« Il faut du temps pour rattraper des décennies de désarmement »
Entretien avec Thomas Gomart, historien, directeur de l’Ifri (Institut français des relations internationales), grand spécialiste de géopolitique, il vient de publier "Les Ambitions inavouées : ce que préparent les grandes puissances", (Tallandier, 2023).
Emmanuel Macron a-t-il reconfiguré l’armée depuis son accession au pouvoir ?
Sa présidence est marquée par la décision de relancer de manière significative les dépenses militaires là où elles avaient été diminuées par ses quatre prédécesseurs, comme chez certains de nos voisins. Les Européens désarment depuis le début des années 1970, et ont continué à le faire après le 11 septembre 2001, alors que les autres puissances - Chine, États-Unis, Russie, Arabie saoudite ou Turquie, par exemple - ont, depuis cette date, engagé leur réarmement. La nouvelle loi de programmation militaire marque aussi la fin du « cycle des opérations extérieures » en Afghanistan, au Levant ou au Sahel, qui a suivi le 11-Septembre. Depuis son arrivée au pouvoir, en 2017, Emmanuel Macron souhaitait mettre un terme à l’opération Barkhane au Mali déclenchée par François Hollande. Ce retrait n’est intervenu qu’en février 2022, au moment de l’invasion de l’Ukraine.

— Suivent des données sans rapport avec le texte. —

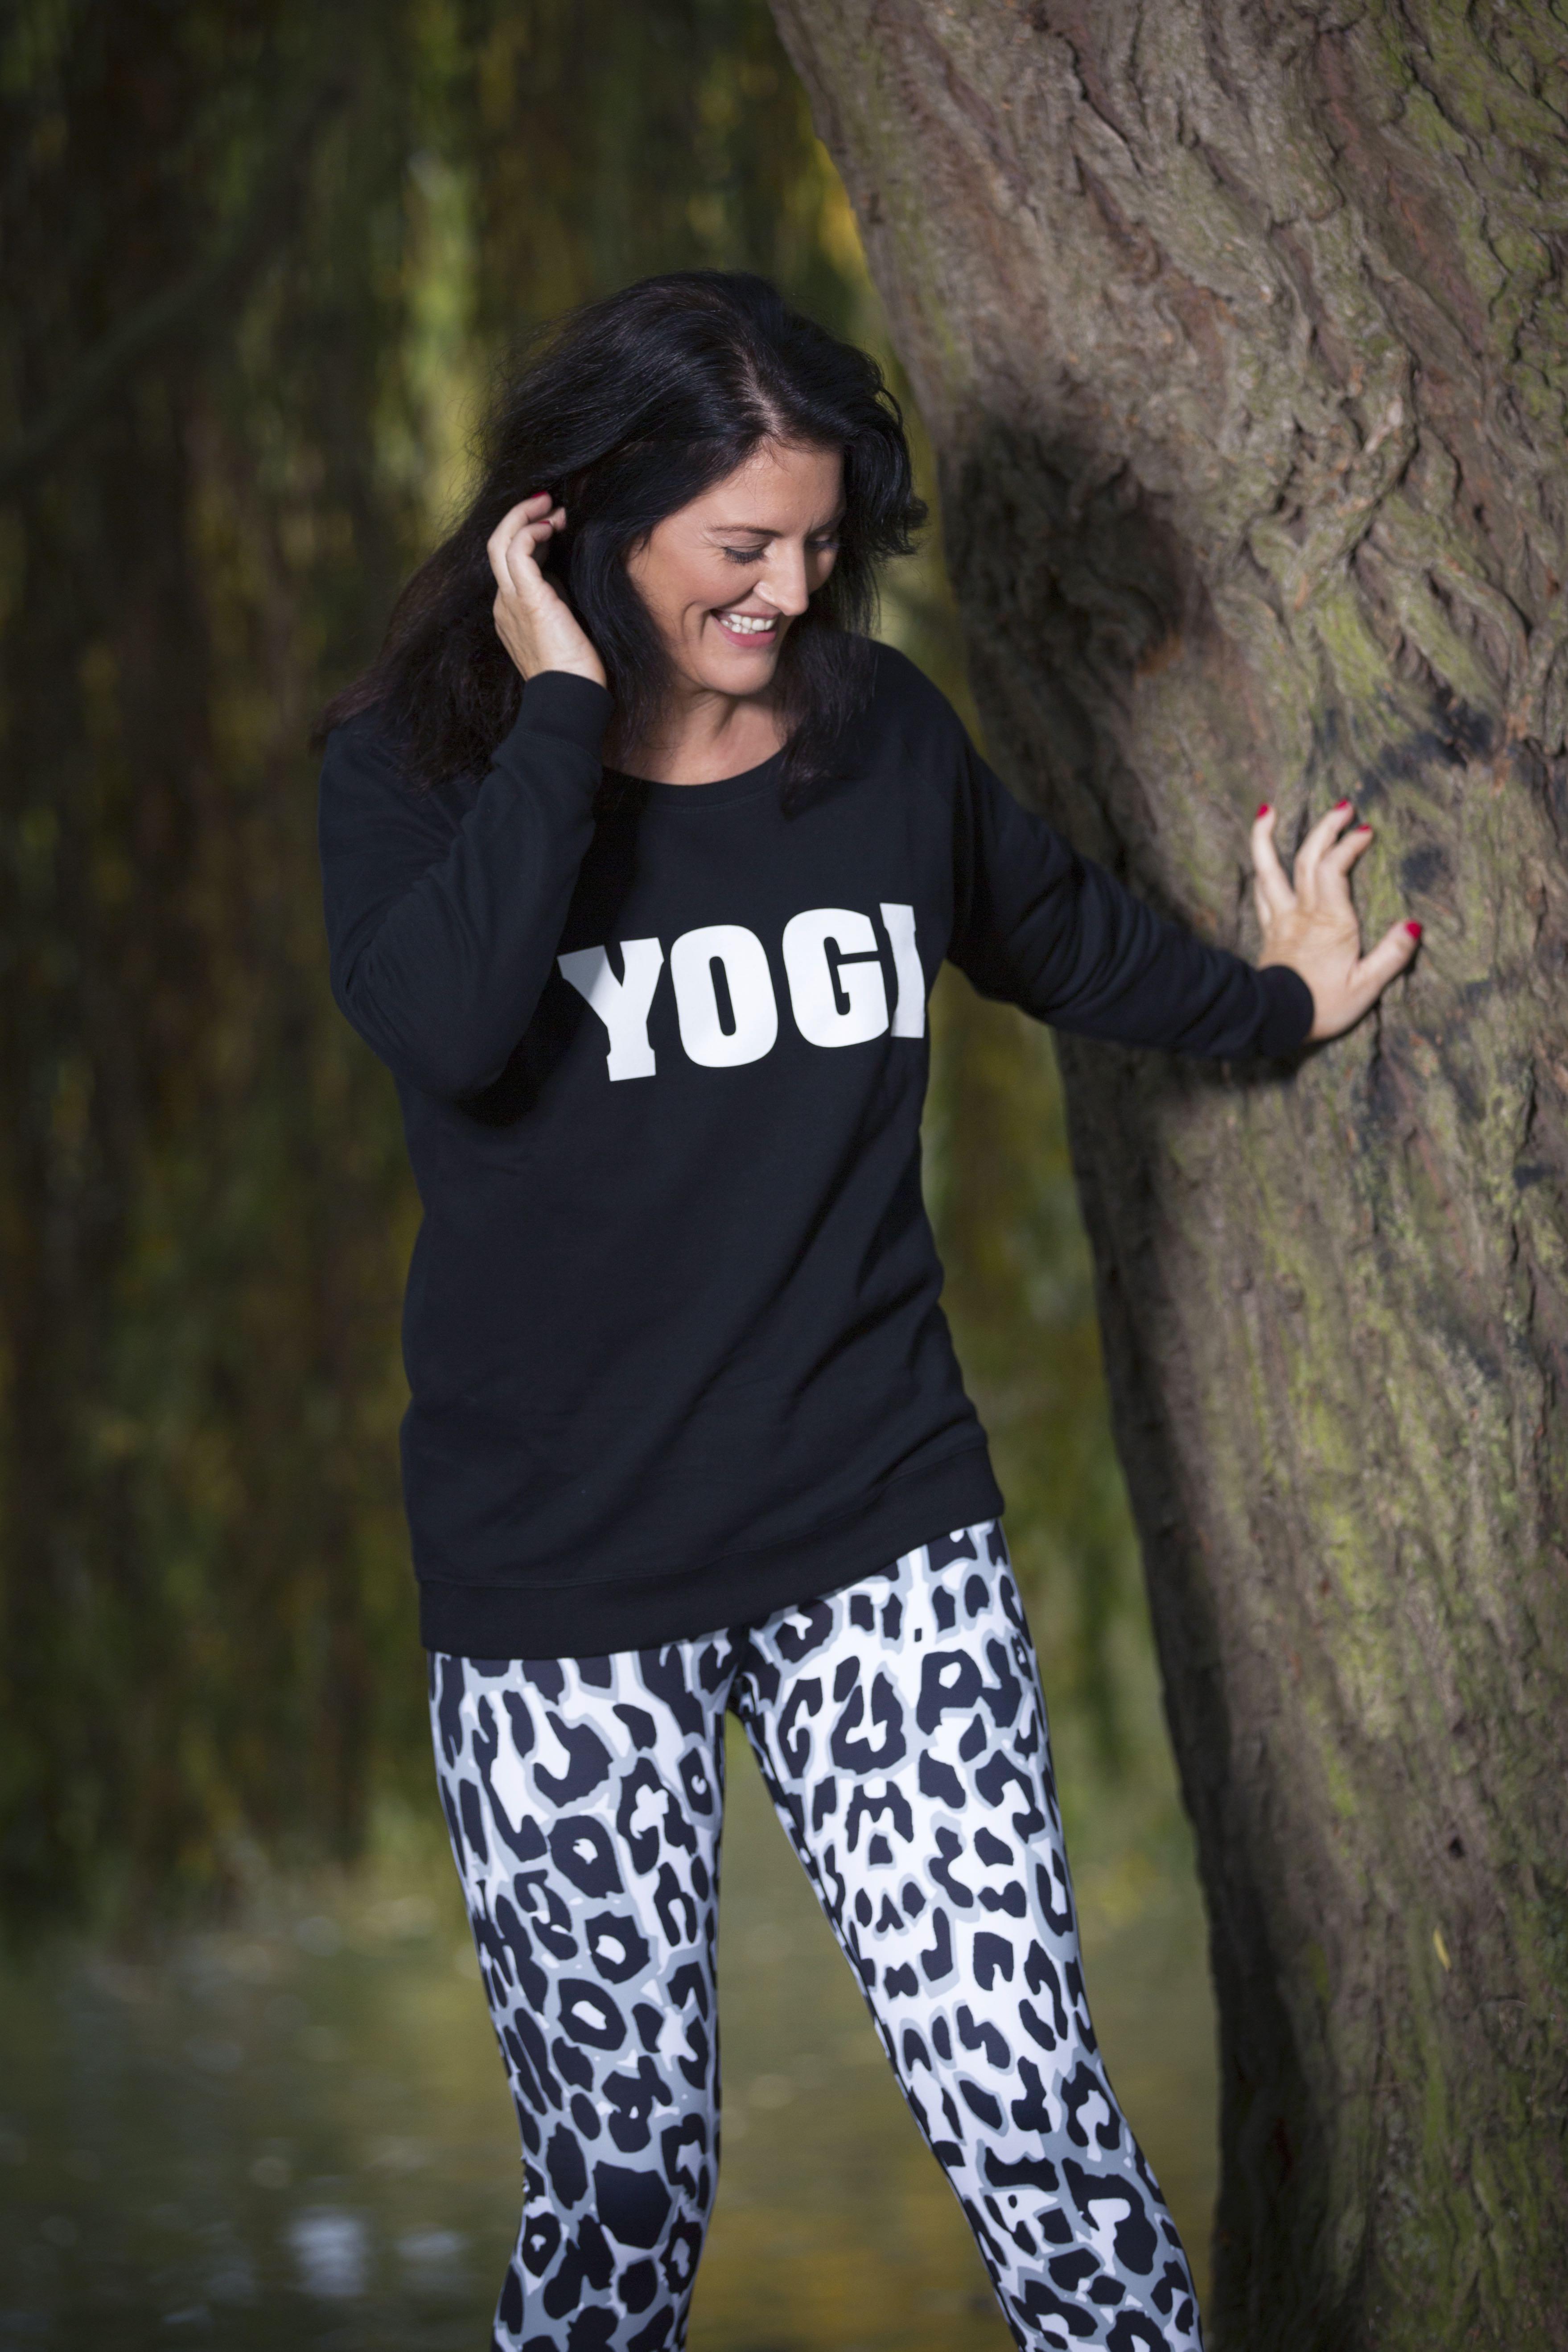 Web-London-Female-Model-Yoga-Fitness-Model-Kat-06-PG.jpg#asset:46908

Parallèlement, dès 2017, Emmanuel Macron lançait une loi de programmation militaire (LPM) pour « réparer » les forces armées. Un rapport parlementaire a, par exemple, souligné l’état catastrophique de la flotte d’hélicoptères. L’artillerie sol-air a été gravement négligée à force de mener des opérations contre des forces sans capacités aériennes. Et la France, comme les
autres pays européens, a pris un très lourd retard dans le domaine des drones. Avec la prochaine LPM, il s’agit de « transformer » les armées.
Y a-t-il une « remontée en puissance », comme l’évoque le ministère des Armées ?
II y a une volonté de transformer l’outil. Pour mémoire, la France ne dispose plus que de 200 chars Leclerc et a un parc aérien comparable à...celui de Singapour. On ne rattrape jamais en quelques années des décennies de désarmement. II y a des enjeux industriels, de coûts, de délais. Et il y a surtout la stratégie poursuivie. D’une certaine manière, Macron a cinq ans d’avance sur ses partenaires européens, mais trop de retard par rapport aux puissances concurrentes. II s’agit d’essayer de retrouver de « l’épaisseur » en reconstituant des stocks de munitions. Cet effort devrait aussi être intellectuel ; quels sont les scénarios crédibles d’engagement à moyen terme ?
La loi de programmation militaire est-elle adaptée à ces enjeux ?
Oui et non. II n’y a pas assez de débat public sur cette loi. Ce serait pourtant nécessaire. D’abord, pour mieux comprendre la dégradation, très rapide, de l’environnement stratégique. Ensuite, en raison des sommes engagées. L’effort porté par la nation est considérable puisque la prochaine loi de programmation militaire est estimée à 413 milliards d’euros pour 2024-2030, alors que la dernière a une enveloppe de 295 milliards. C’est plus de 100 milliards d’investissements supplémentaires sur la période ! Pourtant, sans inflation trop forte ni choc extérieur, on restera au mieux dans l’étiage actuel. D’abord en raison de l’augmentation des coûts, ensuite, à cause de la « bosse budgétaire », cette pratique qui a conduit à différer le paiement de nombreux programmes en reculant toujours plus loin les échéances pour certains équipements lourds. On paye donc pour le passé avant de pouvoir investir pour l’avenir.
La France manque-t-elle de lucidité quant aux moyens de sa puissance ?
Elle entretient un discours sur sa position de première puissance militaire européenne qui est un double trompe-l’oeil : vis-à-vis de l’opinion, qui se croit protégée, et des autres Européens, qui envisagent leur sécurité à travers l’Otan. Toutes choses égales par ailleurs, notre situation militaire rappelle un peu les années 1930, lorsque nous nous présentions comme la meilleure armée du monde alors même que notre outil industriel s’est, en fin de compte, montré incapable d’absorber le réarmement décidé par le Front populaire. En juin, le président de la République a annoncé vouloir passer à une « économie de guerre », une expression qui peut étonner ! Cette annonce avait pour but de mettre sous tension la base industrielle et technologique de défense, constituée de grands groupes internationaux et d’une cascade de sous-traitants. Mais cette pression n’a pas de sens sans une mise sous tension du secteur bancaire permet tant de financer ce secteur clé pour notre souveraineté.